B-lymphocytes and co-stimulatory molecules in Mycobacterium tuberculosis infection.

Int J Tuberc Lung Dis

Department of Immunology-Allergy, Ciutat Sanitària i Universitària de Bellvitge, L'Hospitalet de Llobregat, Catalonia, Spain.

Published: January 2004

Setting: The immunological mechanisms that lead to the control of Mycobacterium tuberculosis infection are not well known.

Objective: To study the role of lymphocyte subsets and co-stimulatory molecules in M. tuberculosis infection.

Design: In 35 patients with pulmonary tuberculosis (PTB) and their contacts, 29 persons with tuberculin skin test conversion (TSTC) and 20 healthy individuals with negative tuberculin skin test (NTST), we studied T-lymphocyte subsets (CD3, CD4, CD8, alphabetaTCR and gammadeltaTCR), B-cells, monocytes and co-stimulatory molecules CD28 and CD86 in peripheral blood. The results were analysed at univariate and multivariate level through discriminant analysis.

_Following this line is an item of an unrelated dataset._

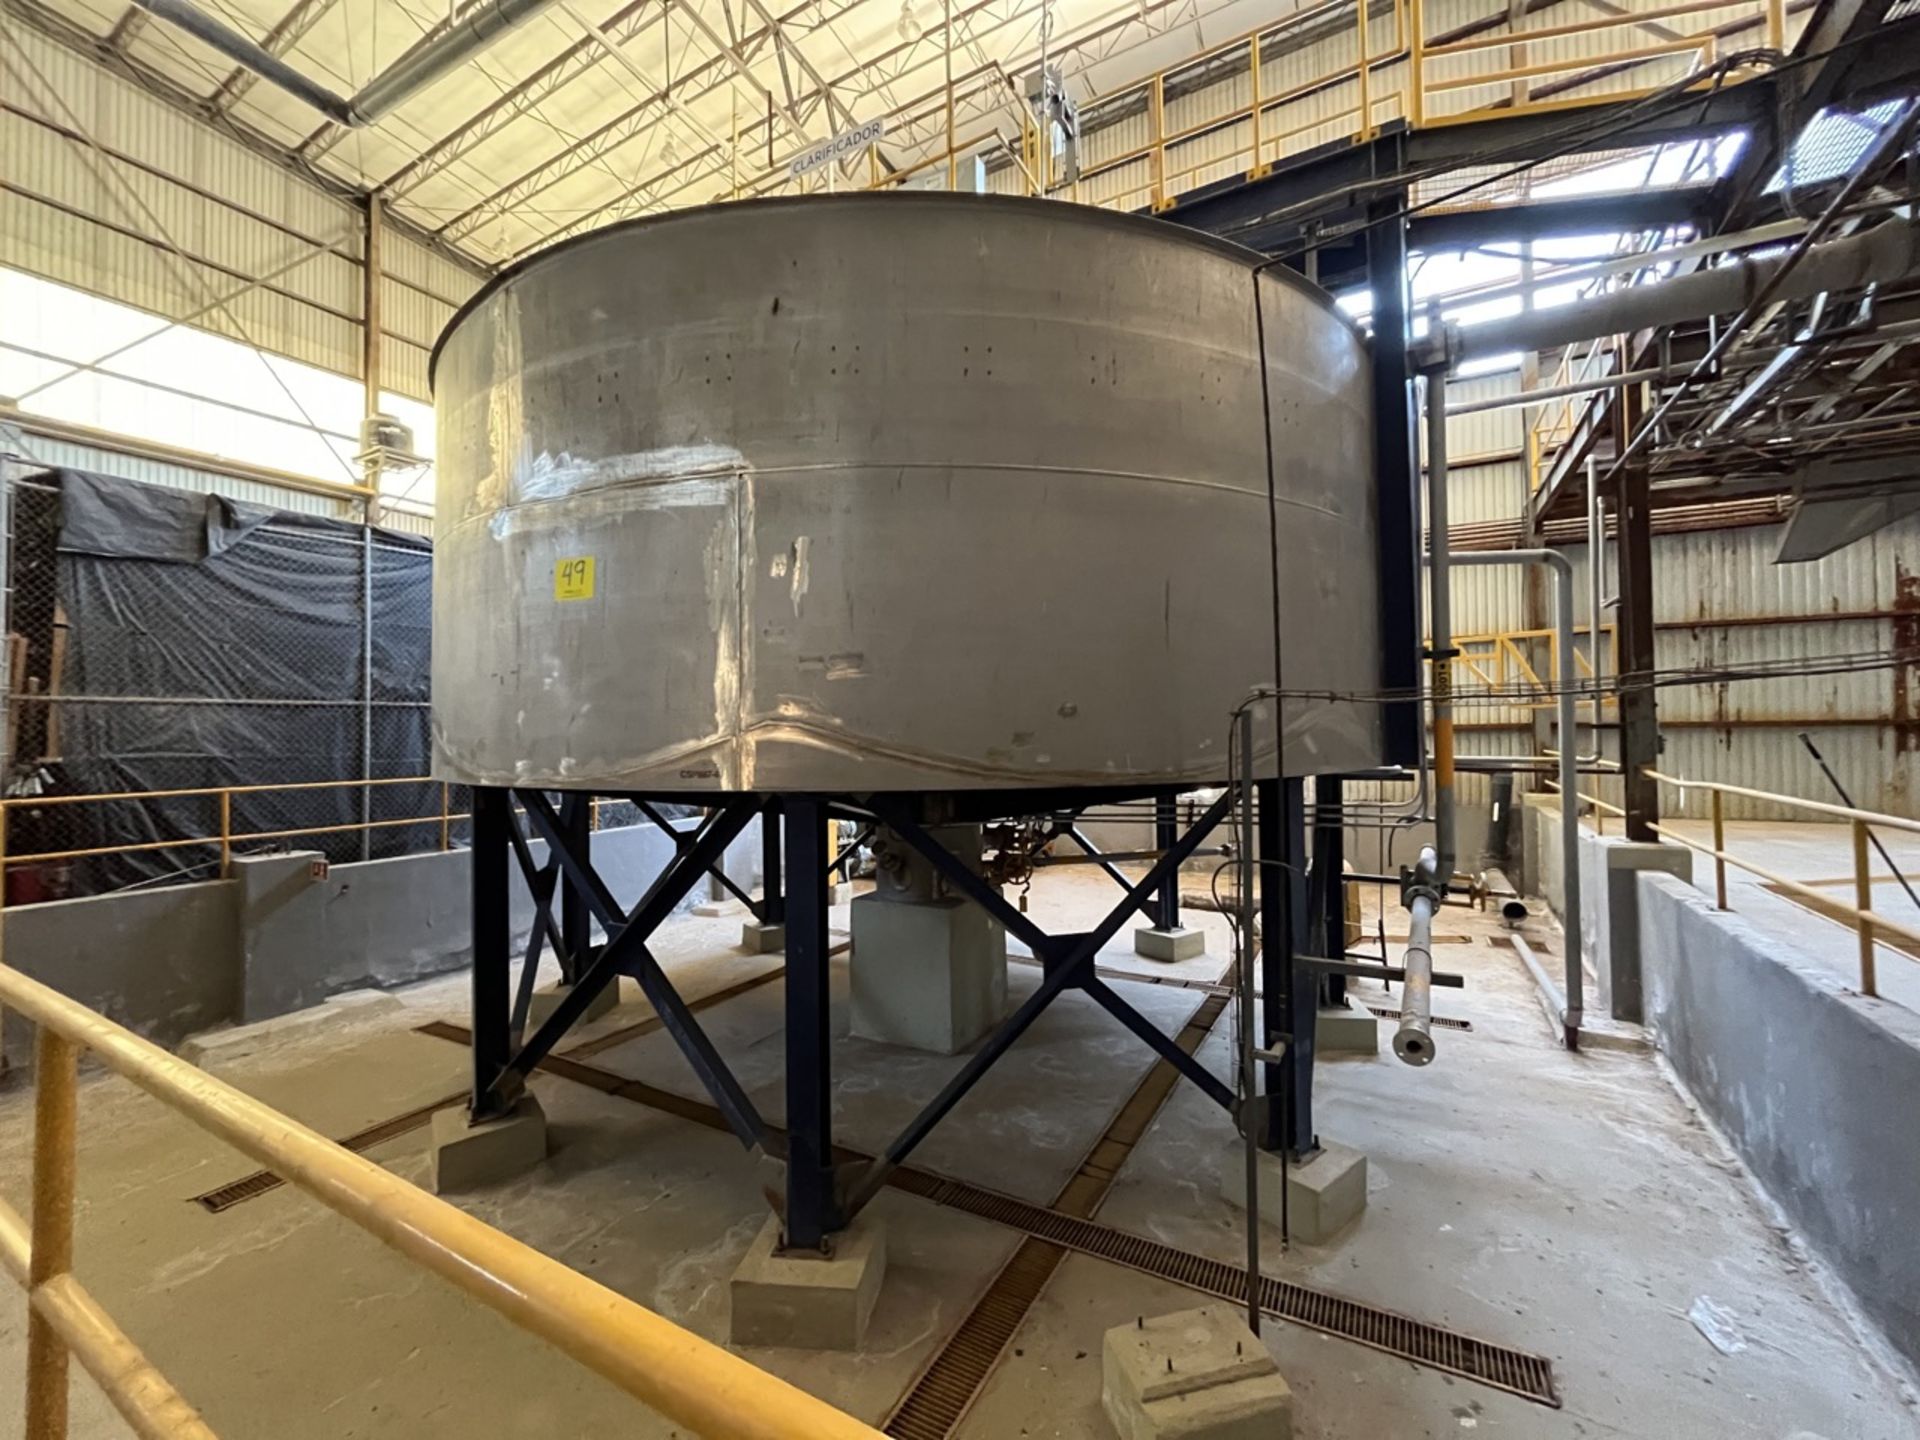 Stainless steel storage tank, measuring approximately 7 meters in diameter x 5.50 meters in height - Image 8 of 20
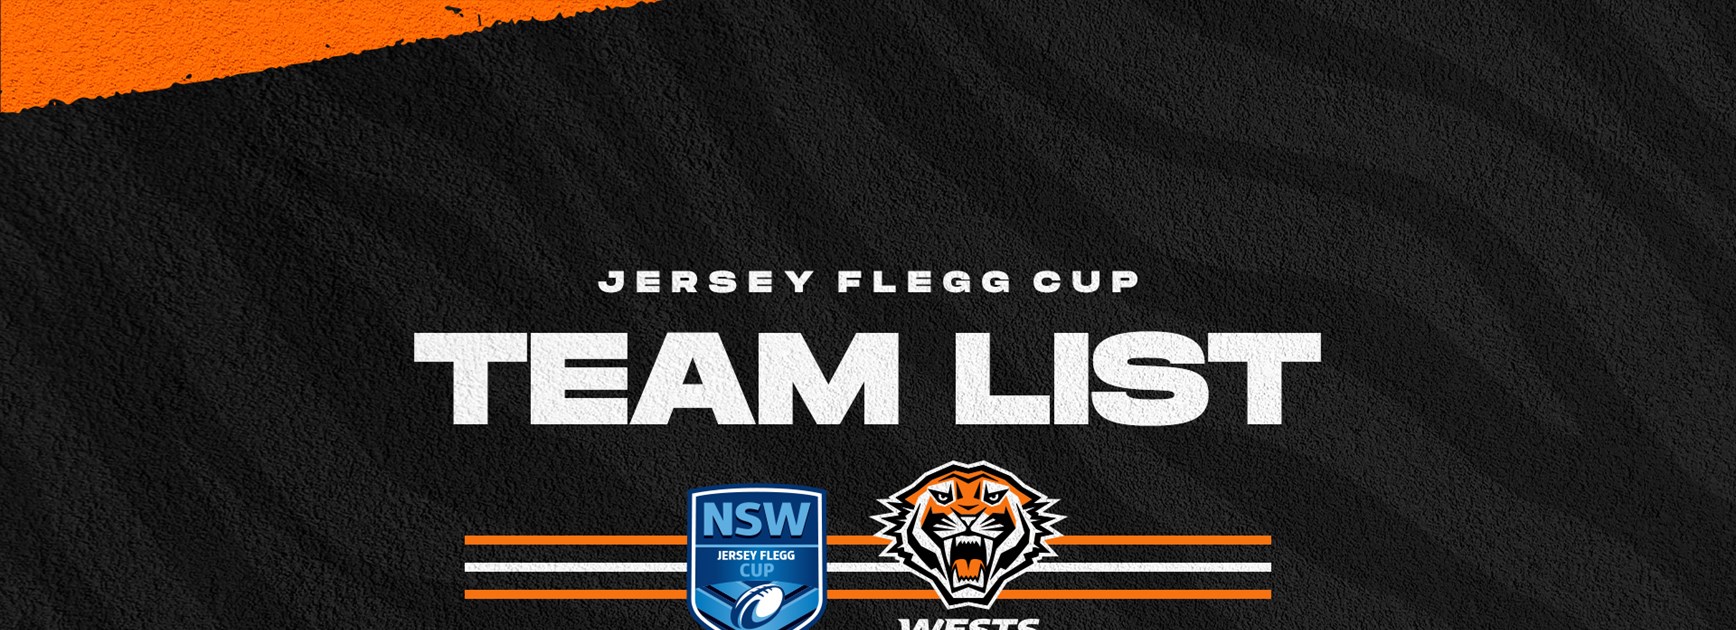 Jersey Flegg Cup Team List: Round 13

Results: At univariate level, compared with TSTC and NTST, PTB patients presented a decrease in CD4+ T-cells (P = 0.002), and B-cells (P = 0.02 and 0.001, respectively). With regard to NTST subjects, PTB patients also showed a decrease in the percentage of CD86+ monocytes (P = 0.02) and an increase in the percentage of CD86+ B-lymphocytes (P = 0.02). At multivariate level, CD4+ T-lymphocytes showed statistical differences between PTB and TSTC subjects (P = 0.001). B-lymphocytes were discriminant between PTB and NTST (P < 0.001) and between TSTC and NTST individuals (P = 0.01).

Conclusion: The number of total CD4+ T-cells is the best discriminant parameter for distinguishing between disease and infection, whereas the B-cell count is the best between healthy and infected individuals.